Староста рыбацой деревни
К вечеру Овсей понял, что рыбы не будет.
Он сидел на мостках и перебирал одолженную у соседей снасть. Худая была снасть, чиненая-перечиненая, ячея разъехалась, и всякая путная рыба сквозь неё уходила, посмеиваясь. Свои-то невода были справные. Были — одно слово. Два невода, отцом ещё плетённые, — оба забрали заставные за недоимку. А недоимку они же и выдумали. Сказали с невода теперь подать плати, с лодки подать, с копчёной рыбы, коли продавать везёшь, — тоже подать. Плати, староста, ты за деревню в ответе.
В ответе. Это они верно сказали, черти.
За спиной, на берегу, возился его внук Нечайка. Строил из щепок кораблик, седьмой за день, и пускал с мостков в тихую воду. Шесть потонули. Этот пока держался.
— Деда, а чего дым был? — спросил Нечайка, не оборачиваясь. — Утром который. Иван говорит — лес горел.
— Может, и лес.
— А Митяй говорит, в той стороне лесу нет. В той стороне застава.
Овсей промолчал. Про дым нынче гадала вся деревня. Прямой, толстый столб дыма стоял с утра, аккурат там, где сидел на реке Осмол со своими. Горело крепко, долго. Хорошо горело. И от того, как хорошо оно горело, Овсею было не радостно, а тошно. Что бы там ни сгорело — спросят за это с реки. С деревень спросят. Осмол, если жив, втрое драть станет, на погорелое. А если не жив…
Если не жив — придут те, кто его пожёг. А кто жжёт заставы, тот деревню и подавно не пожалеет.
— Деда. — Голос у Нечайки стал тонкий. — Деда, глянь.
Овсей поднял голову.
Из-за мыса выходили корабли.
Первым шло судно, каких он не видал на реке. Оно было широкое, приземистое, с помостом на корме, а на носу и рядом с помостом что-то громоздилось, укрытое рогожей. За ним — стройная лодья трёхмачтовая, и следом струг. На всех трёх — чёрные флаги.

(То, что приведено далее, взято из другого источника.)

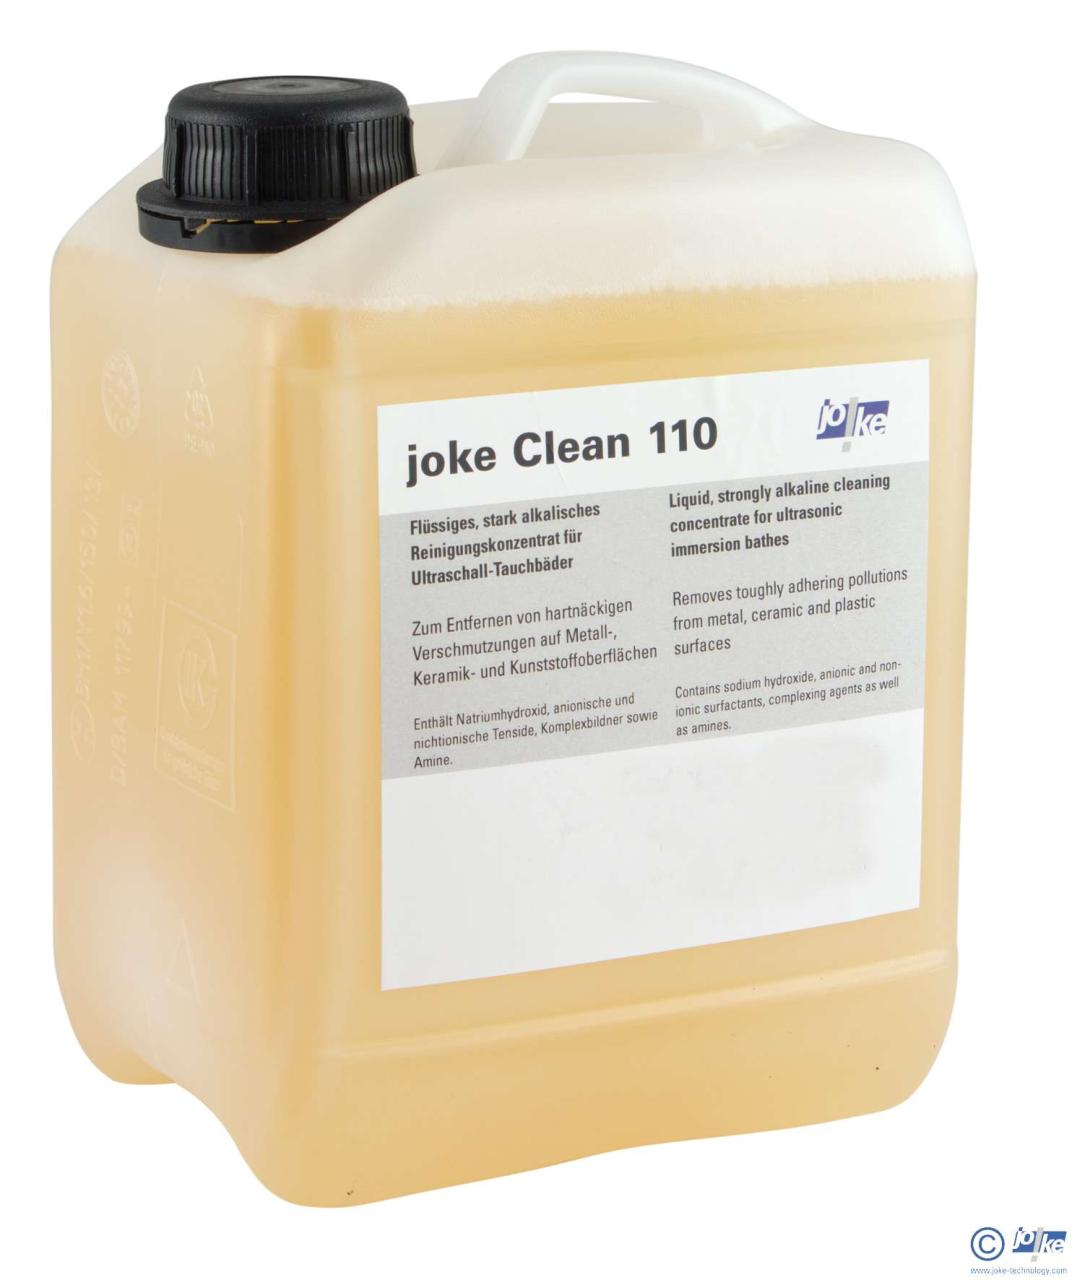 0666103-1_joke-clean-110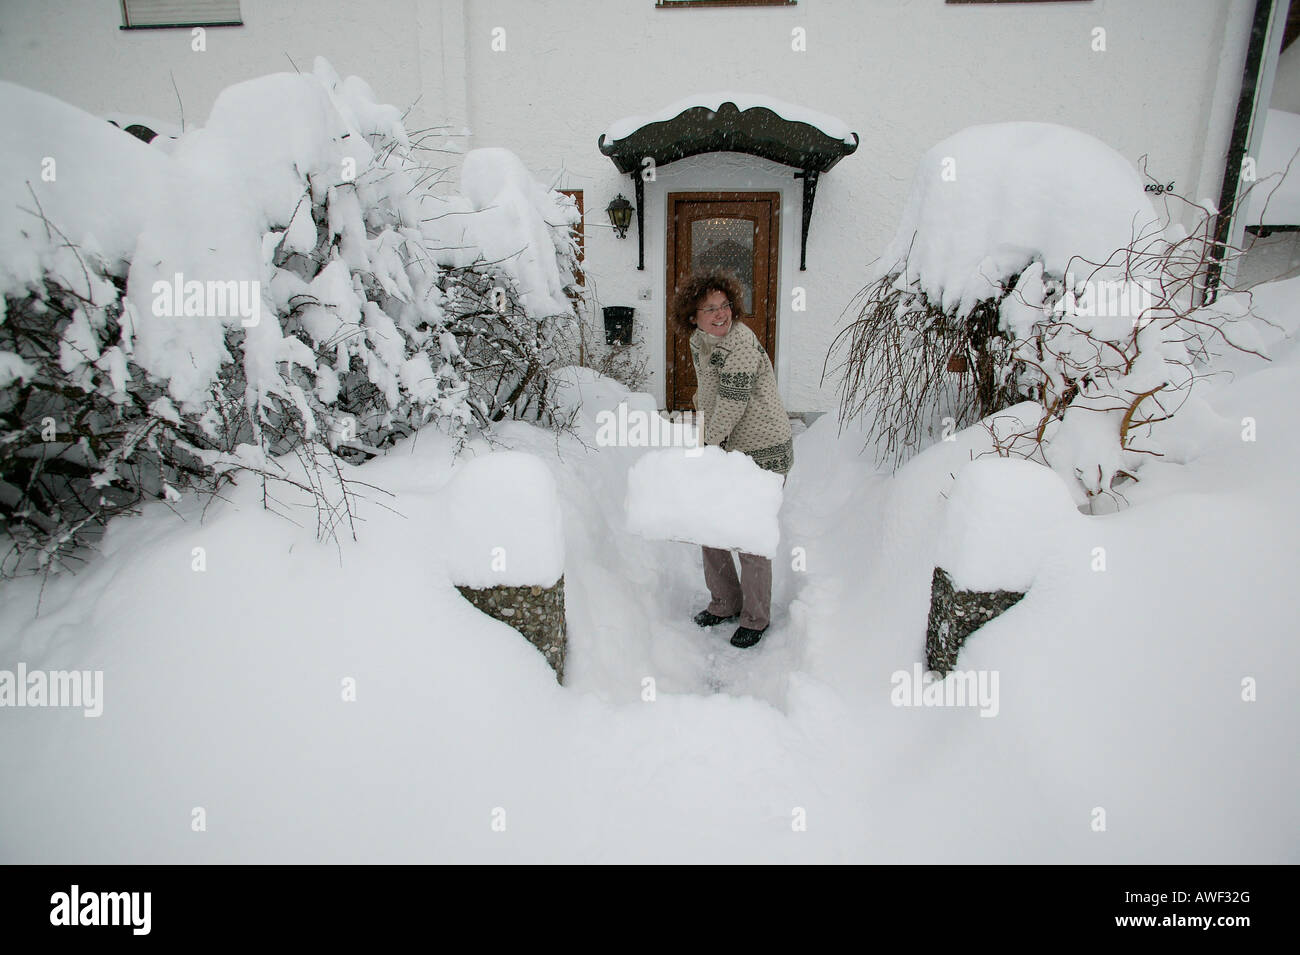 Femme de pelleter de la neige, de Haute-bavière, Bavaria, Germany, Europe Banque D'Images

Точно не купцы. Купец под чёрным не ходит. И не князевы — у князевых прапор другой.
Снасть выпала у Овсея из рук в воду, а он и не заметил.
Шли они ровно, ходко, наискось через плёс — и не мимо шли. К деревне заворачивали. К мосткам.
За спиной хлопнула дверь, затем другая. Кто-то из баб увидал — и пошла по дворам торопливая суета. Детей загоняли в избы, сами за детьми, мужики за дреколье. Деревня готовилась за мгновение, как готовилась всякий раз, когда с воды шла беда. Овсей слышал это всё спиной и не оборачивался. Смотрел на корабли.
— Нечайка. Беги домой.
Малец не двинулся.
— Кому сказано. Бегом.
— А ты?
— А мне нельзя. Я староста.
Оно так и было. Мостки — его место. Кто б ни пришёл с воды — встречать ему: кланяться, отвечать, выторговывать. За то и кормит деревня. Ноги у Овсея были ватные, и в груди сосало, а стоял он ровно — научился за месяц. Перед Осмолом тоже ровно стоял.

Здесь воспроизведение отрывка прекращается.